CSV and Character Encoding - Avoid Character Garbling with utf8 with BOM

Share on Facebook
Post by X

I am the representative, Nishimura! It's been a while since I wrote a blog.
To avoid garbled text in Excel, I added a BOM.

learningBOX is an LMS with multilingual support

Our e-learning system, learningBOX, is a multilingual LMS. learningBOX's UI is currently only available in Japanese and English, but the data of teaching materials and learners' answers are flexible enough to support not only Japanese and English, but also Chinese, Korean, Vietnamese, and other languages around the world.
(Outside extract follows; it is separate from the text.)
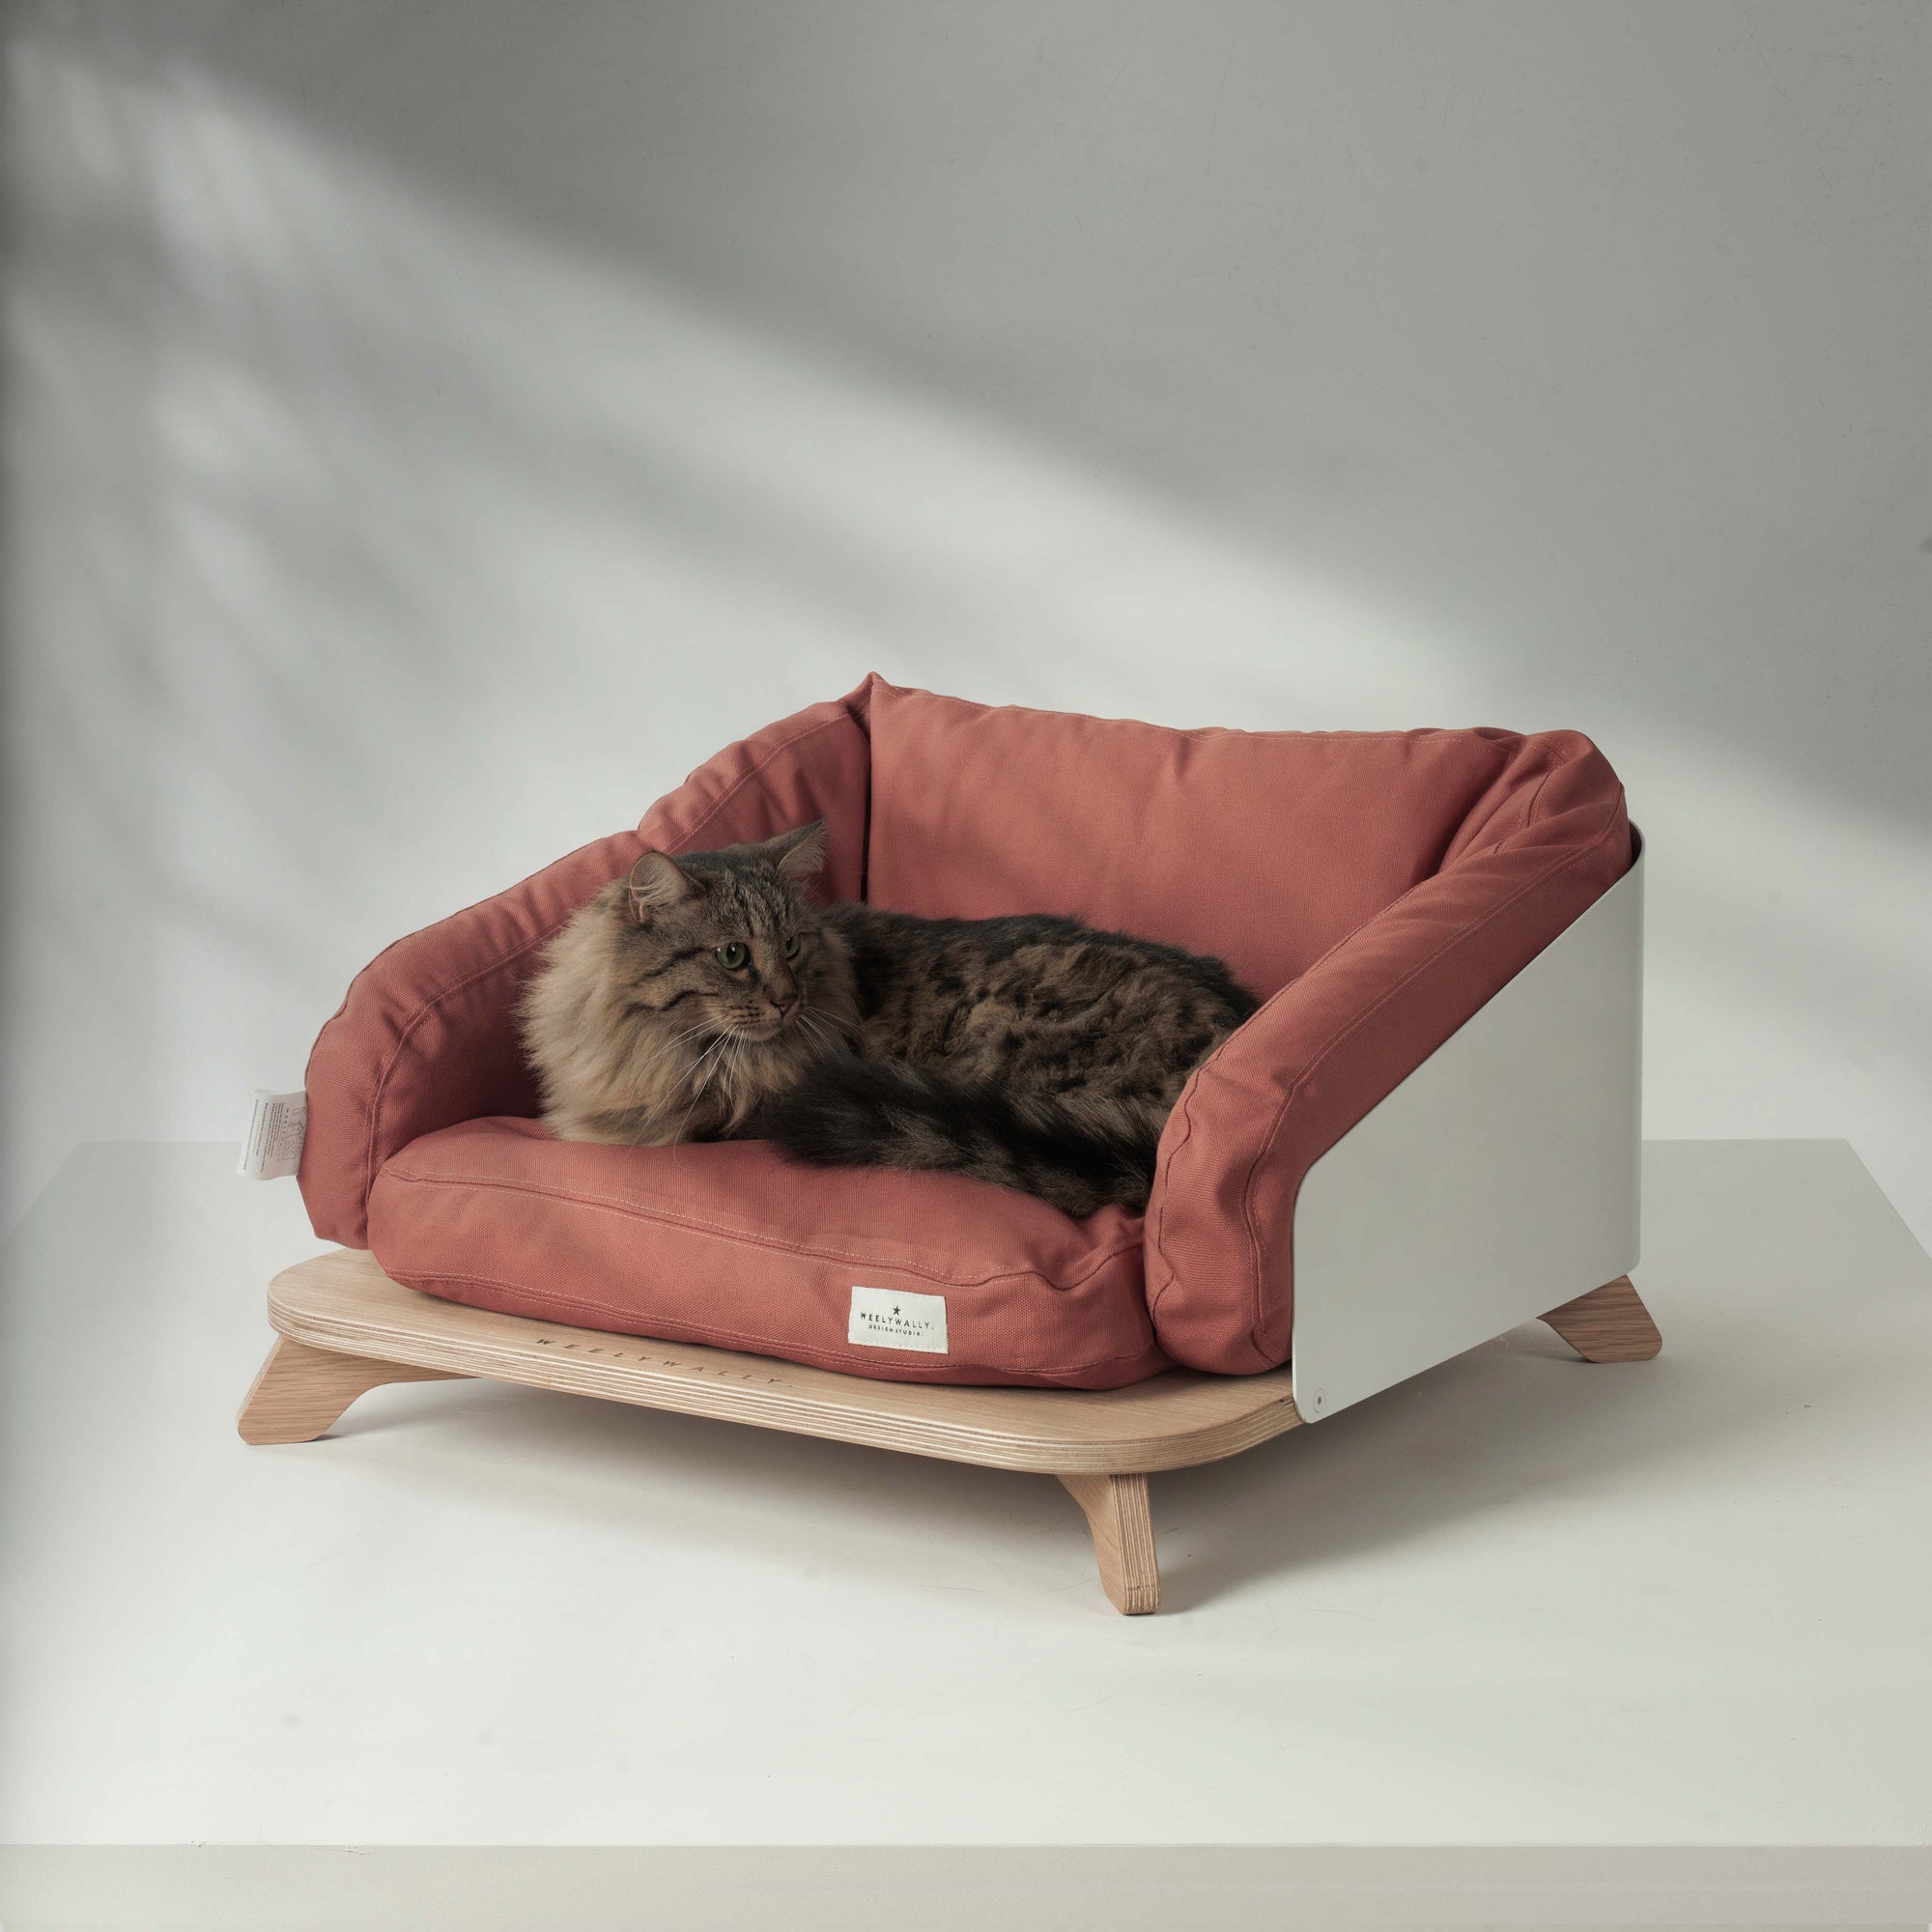 Elevated cat bed, sofa & couch, it puts your cat in the lap of napping!

However, the data of teaching materials and learners' answers can be flexibly supported not only in Japanese and English but also in Chinese, Korean, Vietnamese and other languages around the world.
In fact, teaching materials created in each country's language are used in training programs for foreigners.

Multilingual support - e-learning

Multilingual support in CSV was incomplete.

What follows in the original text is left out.